__What is expected__. Return the full listing unchanged, apart from leaving out its images.

__Given information__.
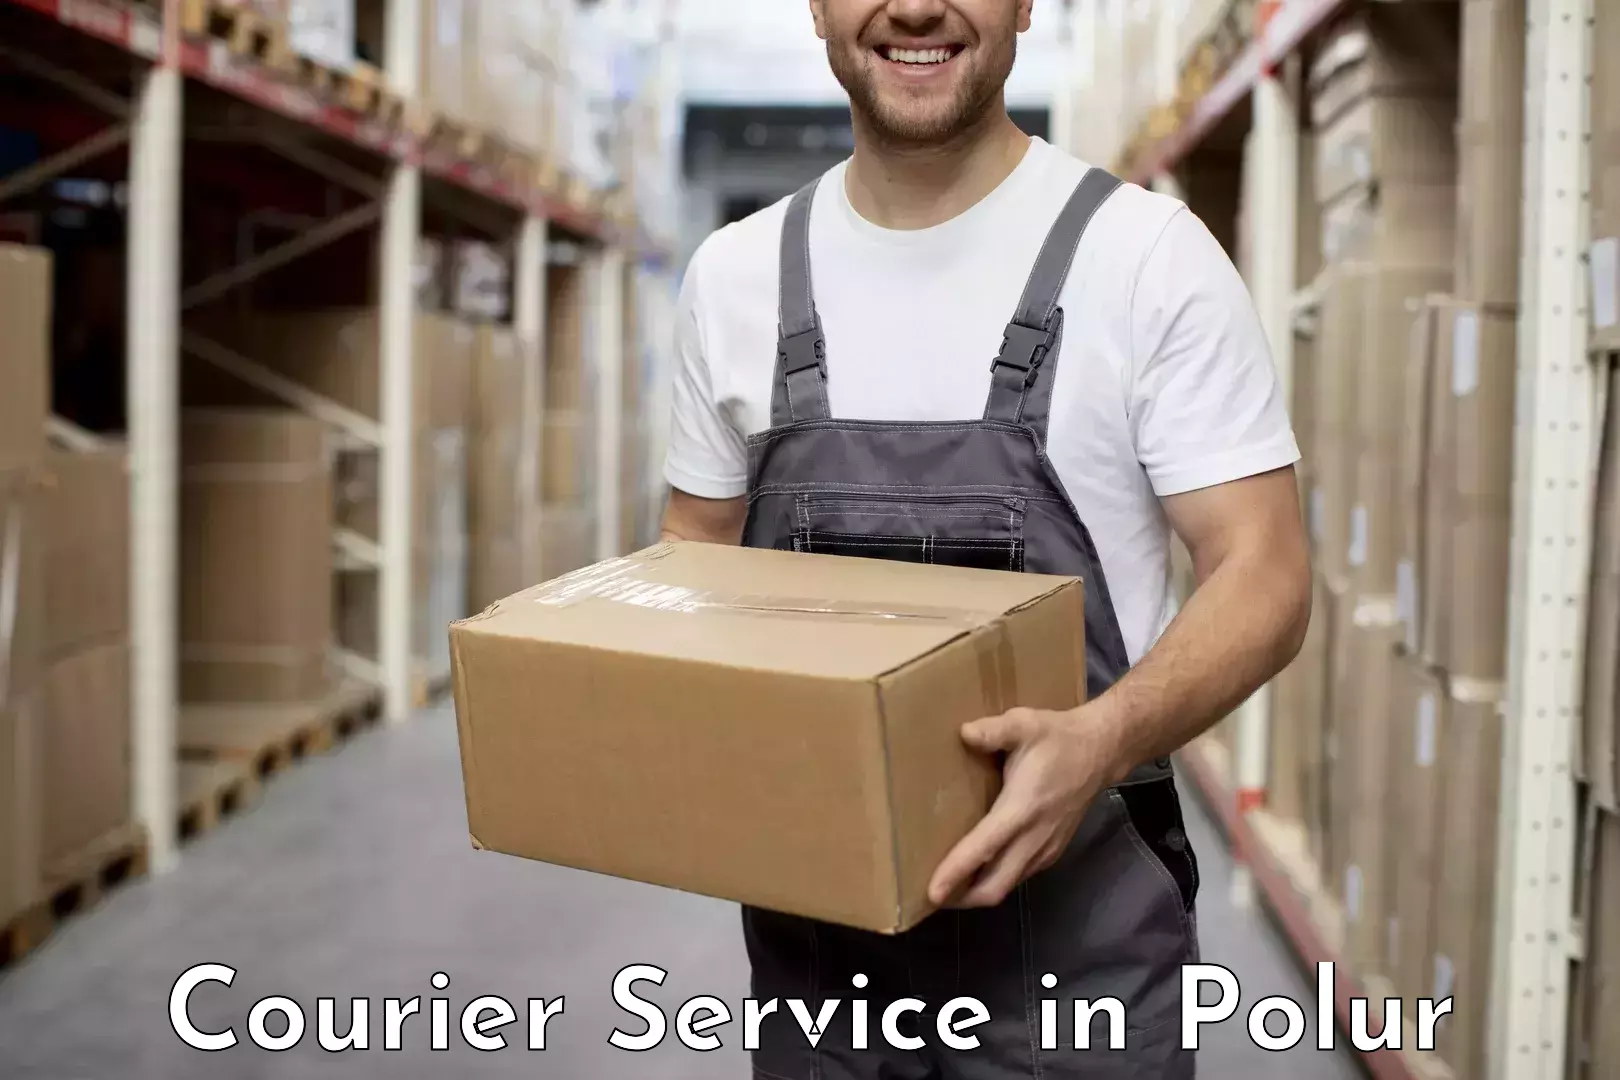 Parcel service for businesses in Polur
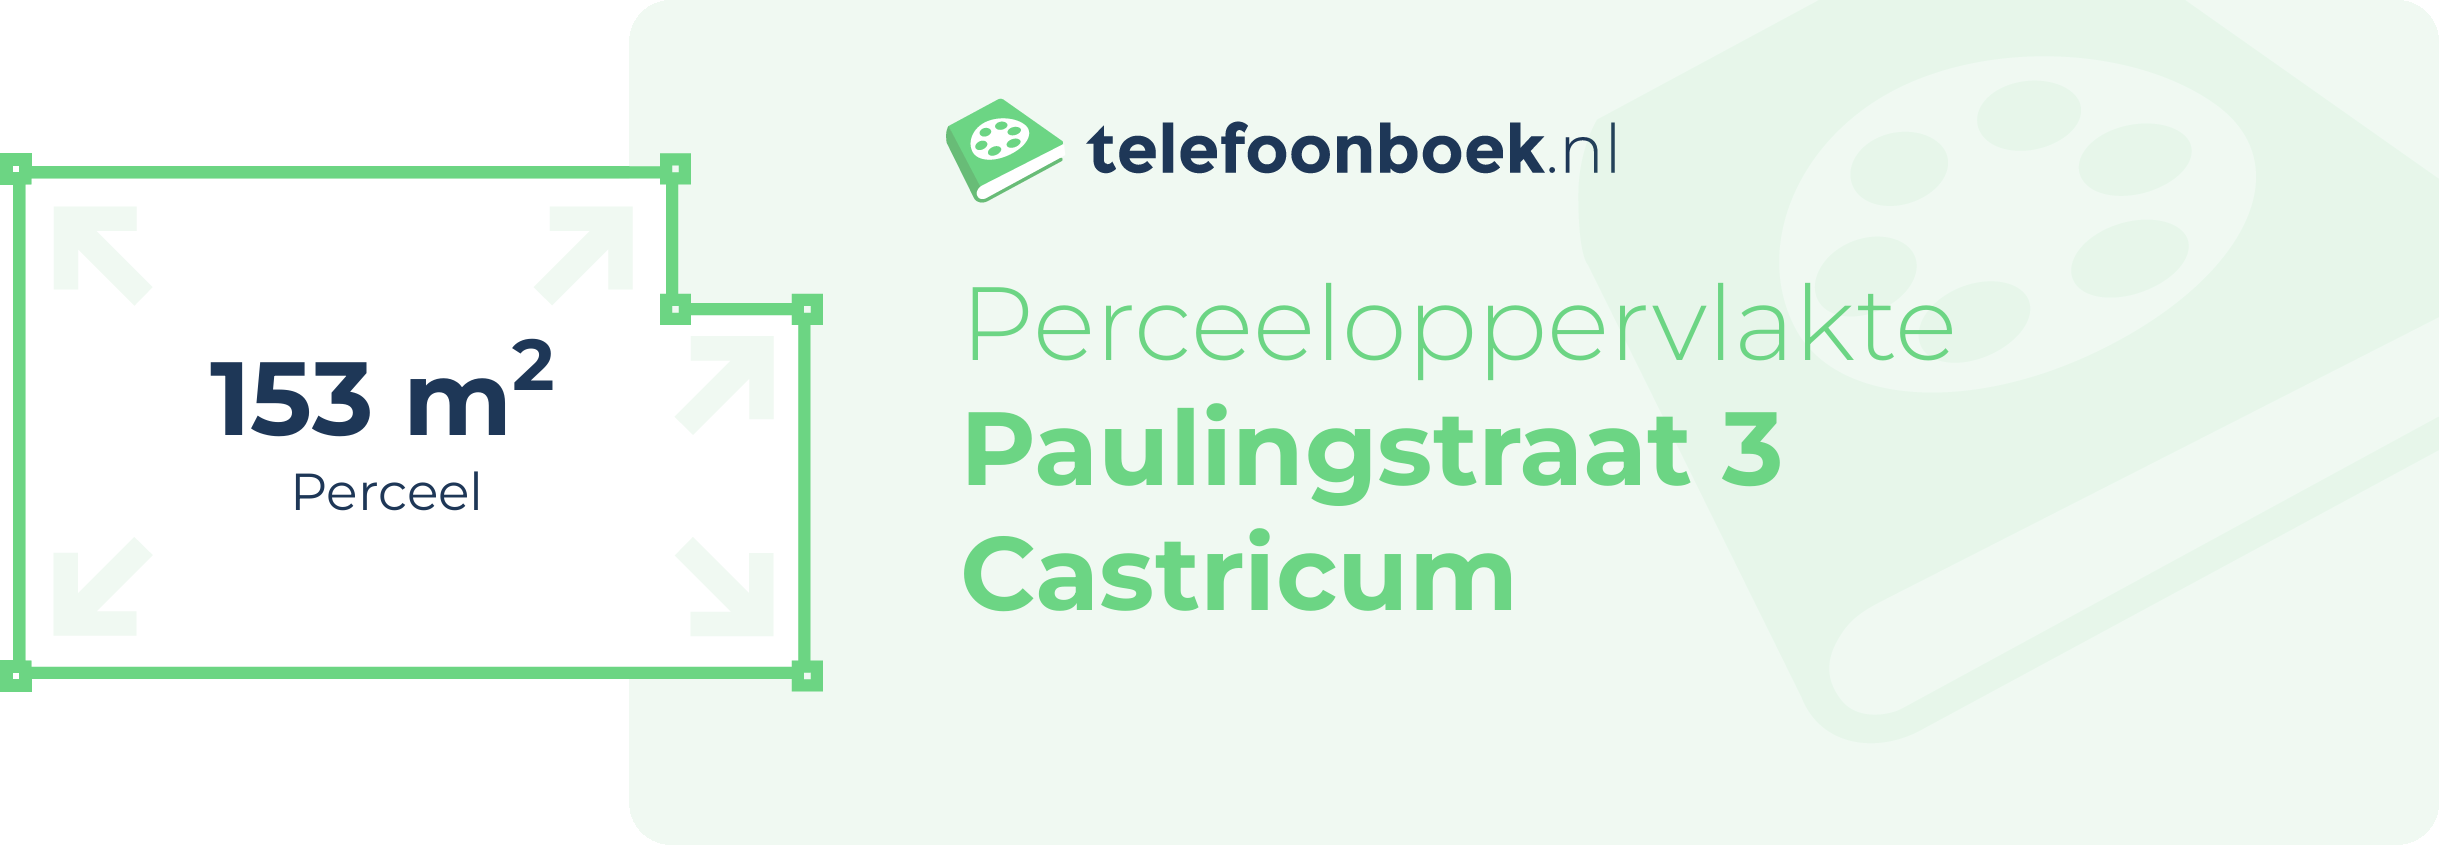 Perceeloppervlakte Paulingstraat 3 Castricum
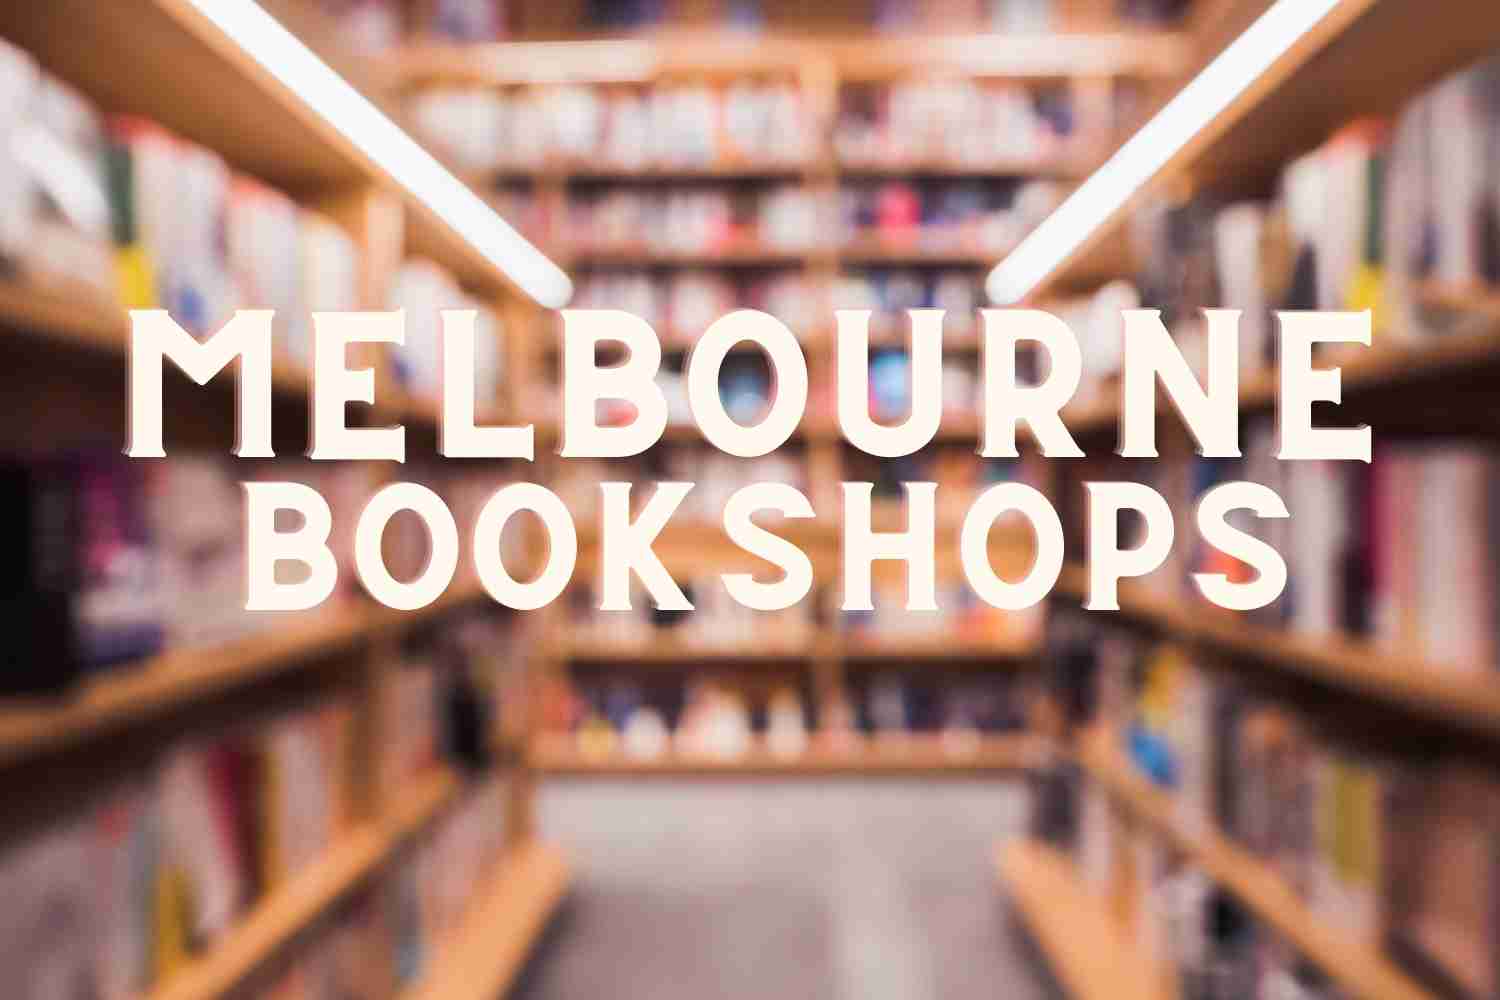 Melbourne Bookshops | The best Bookshops in Melbourne

__Task output__.
 Parcel service for businesses in Polur
 Perceeloppervlakte Paulingstraat 3 Castricum
 Melbourne Bookshops | The best Bookshops in Melbourne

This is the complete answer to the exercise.